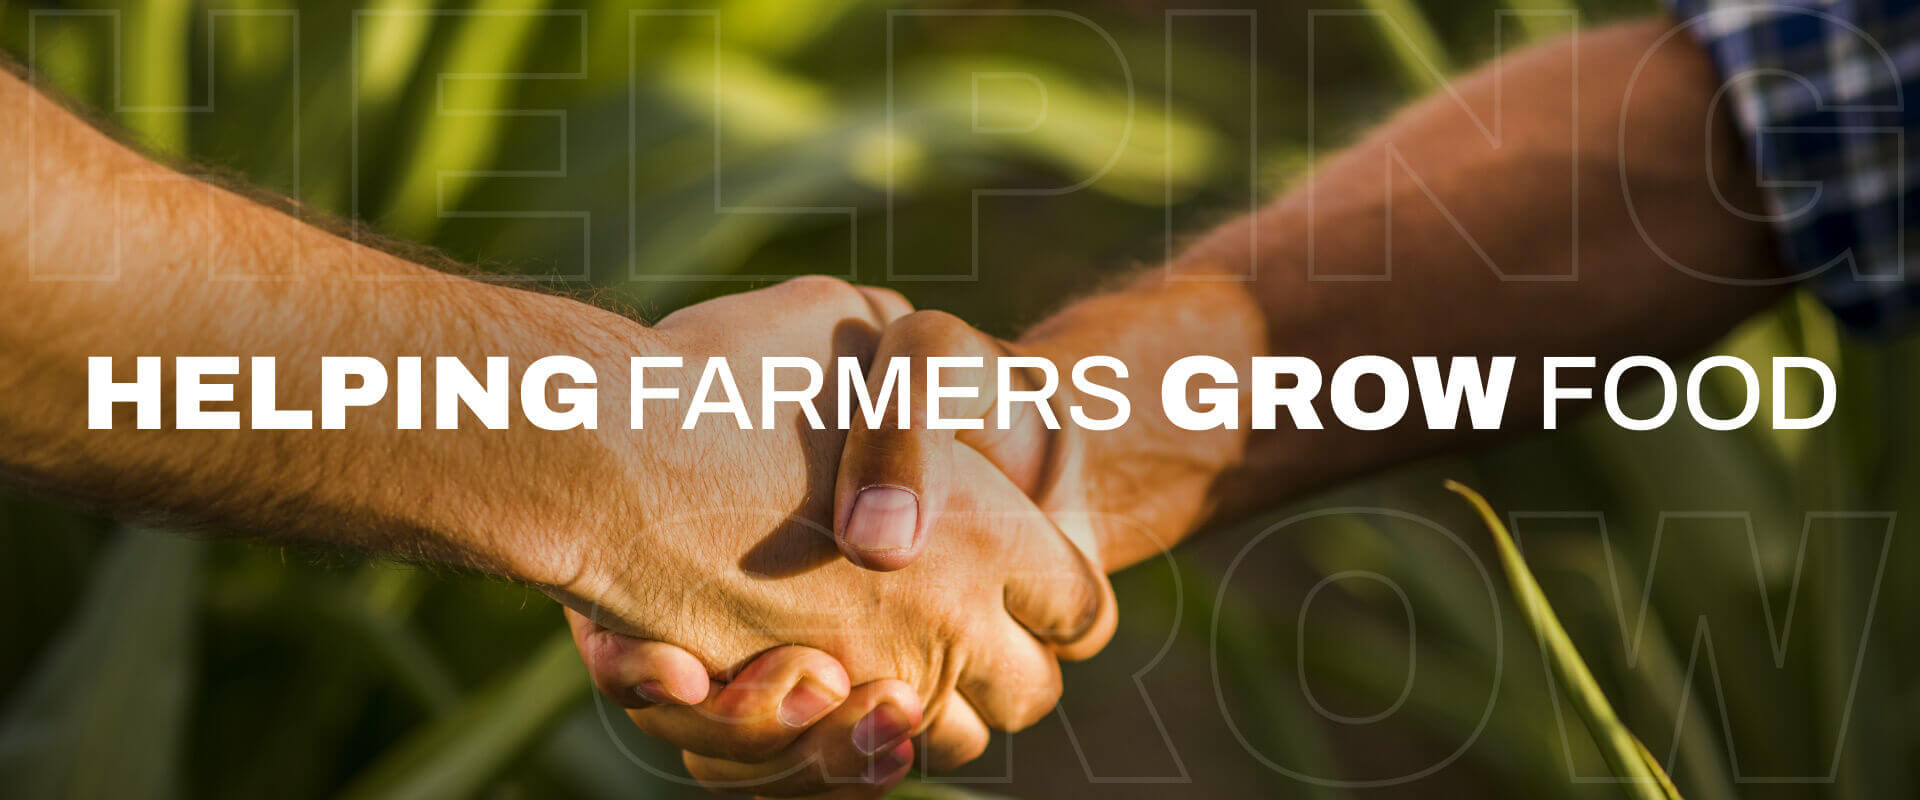 Helping Farmers Grow Food
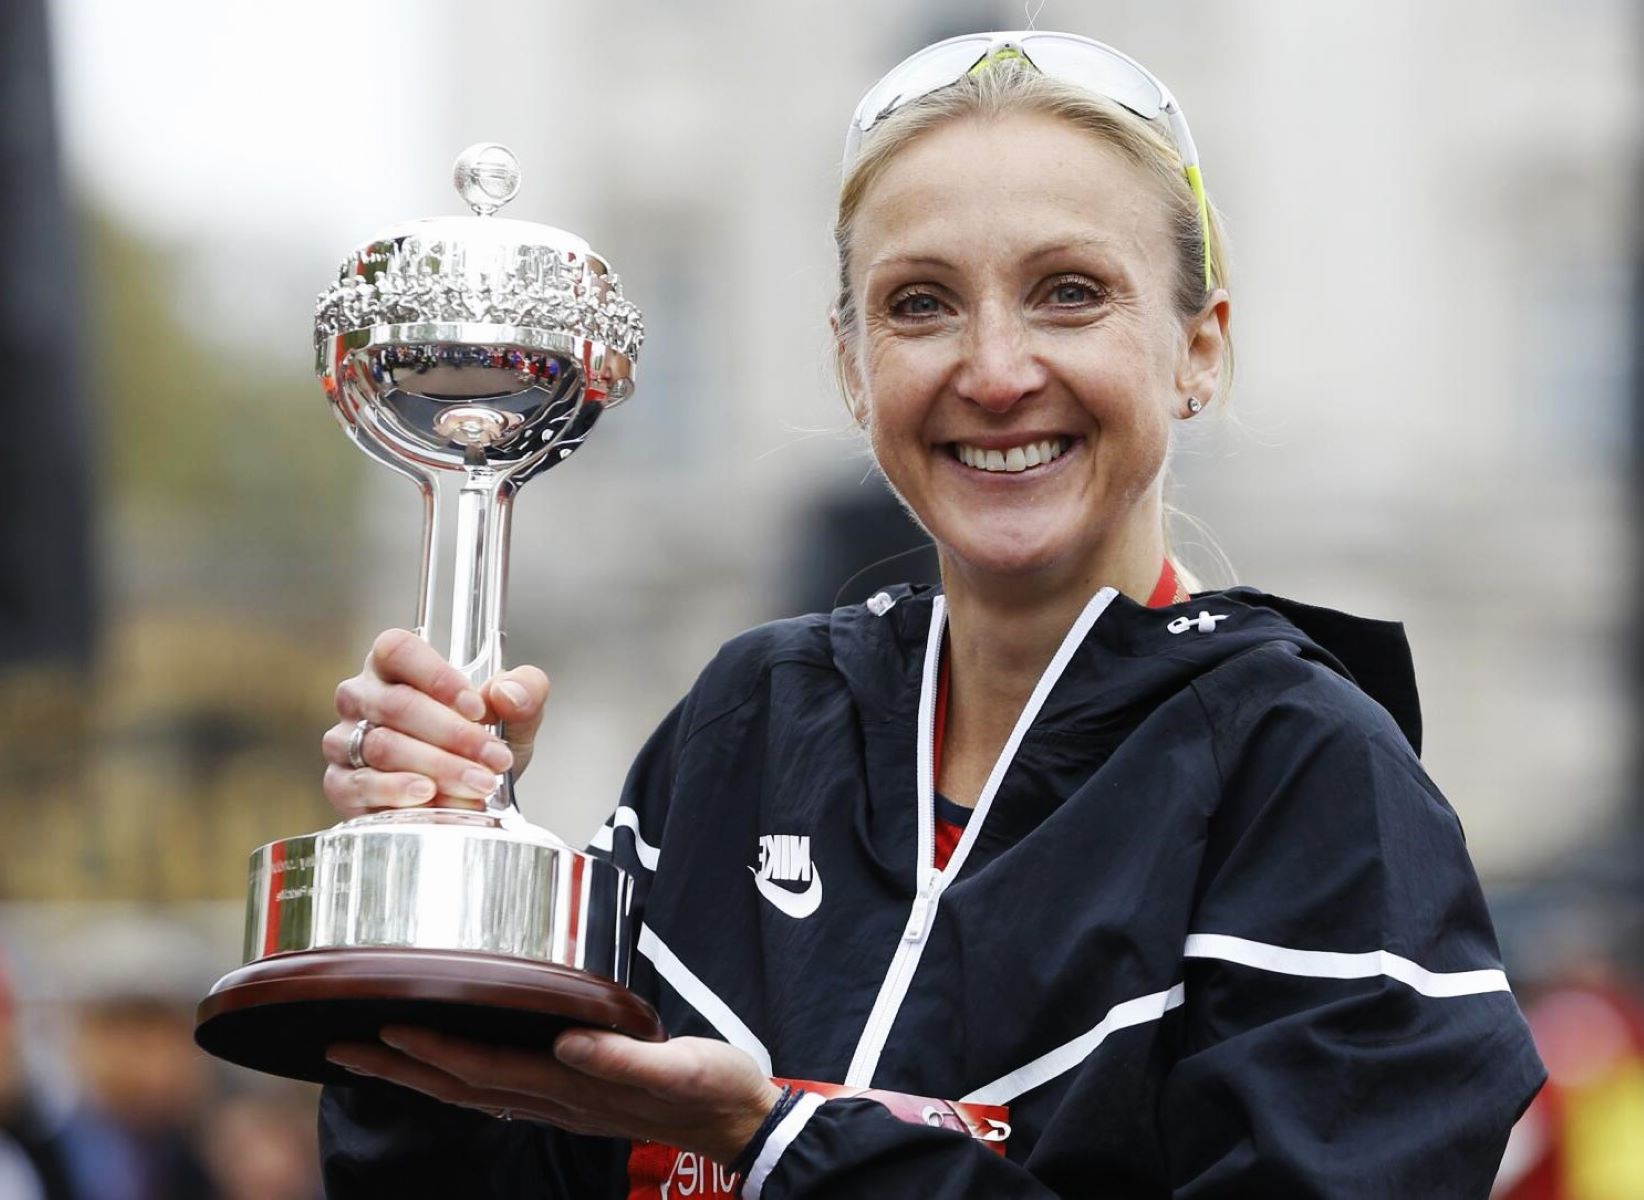 Paula Radcliffe's Expert Advice For Marathon Training
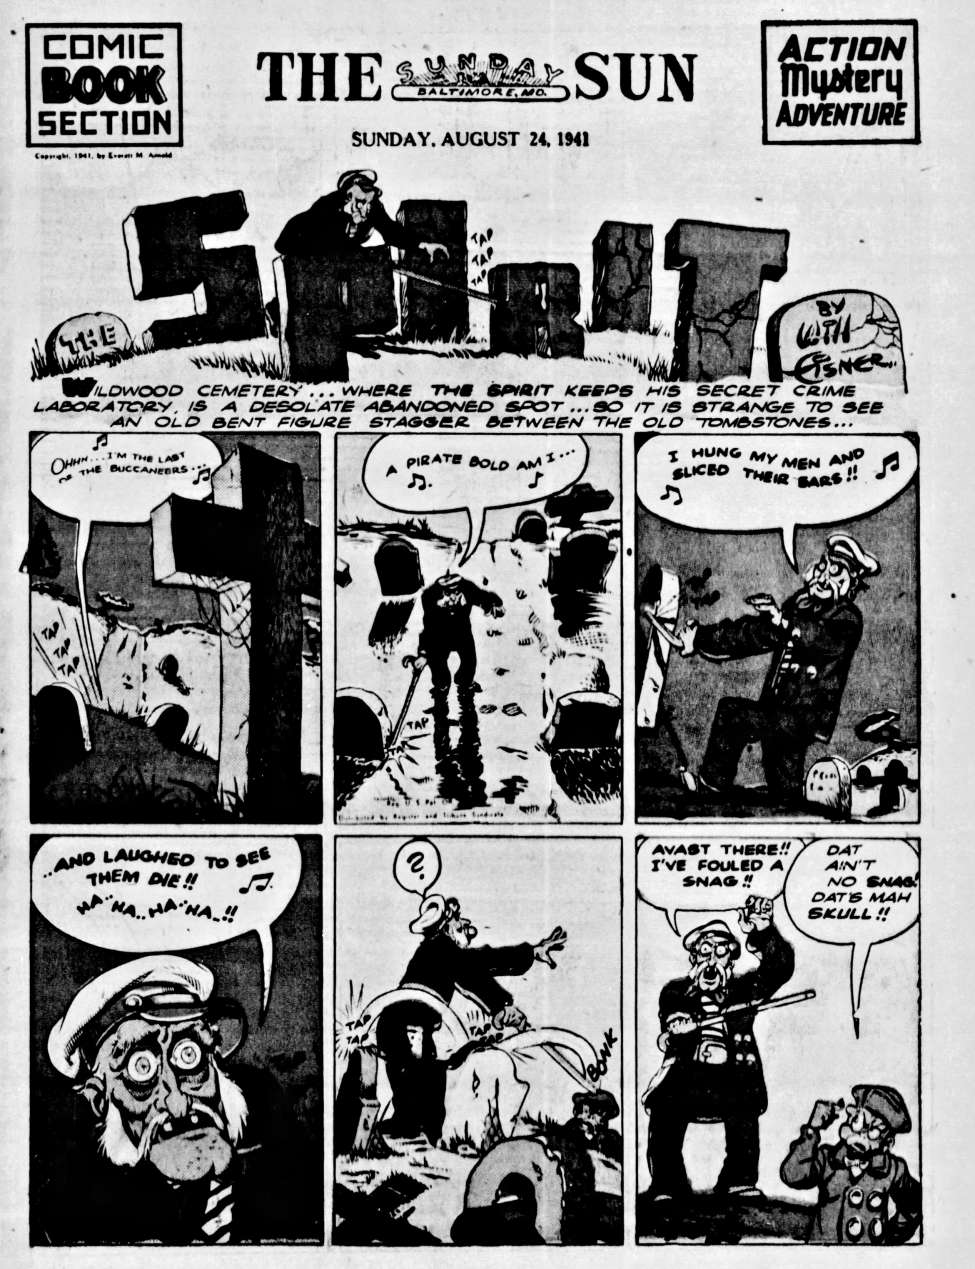 Book Cover For The Spirit (1941-08-24) - Baltimore Sun (b/w)

DESCRIPTION OF THE TASK:
Repeat the data verbatim, excluding all pictures.

SOLUTION TO THE EXERCISE:
 Helping Farmers Grow Food
 Paula Radcliffe's Expert Advice For Marathon Training
 Book Cover For The Spirit (1941-08-24) - Baltimore Sun (b/w)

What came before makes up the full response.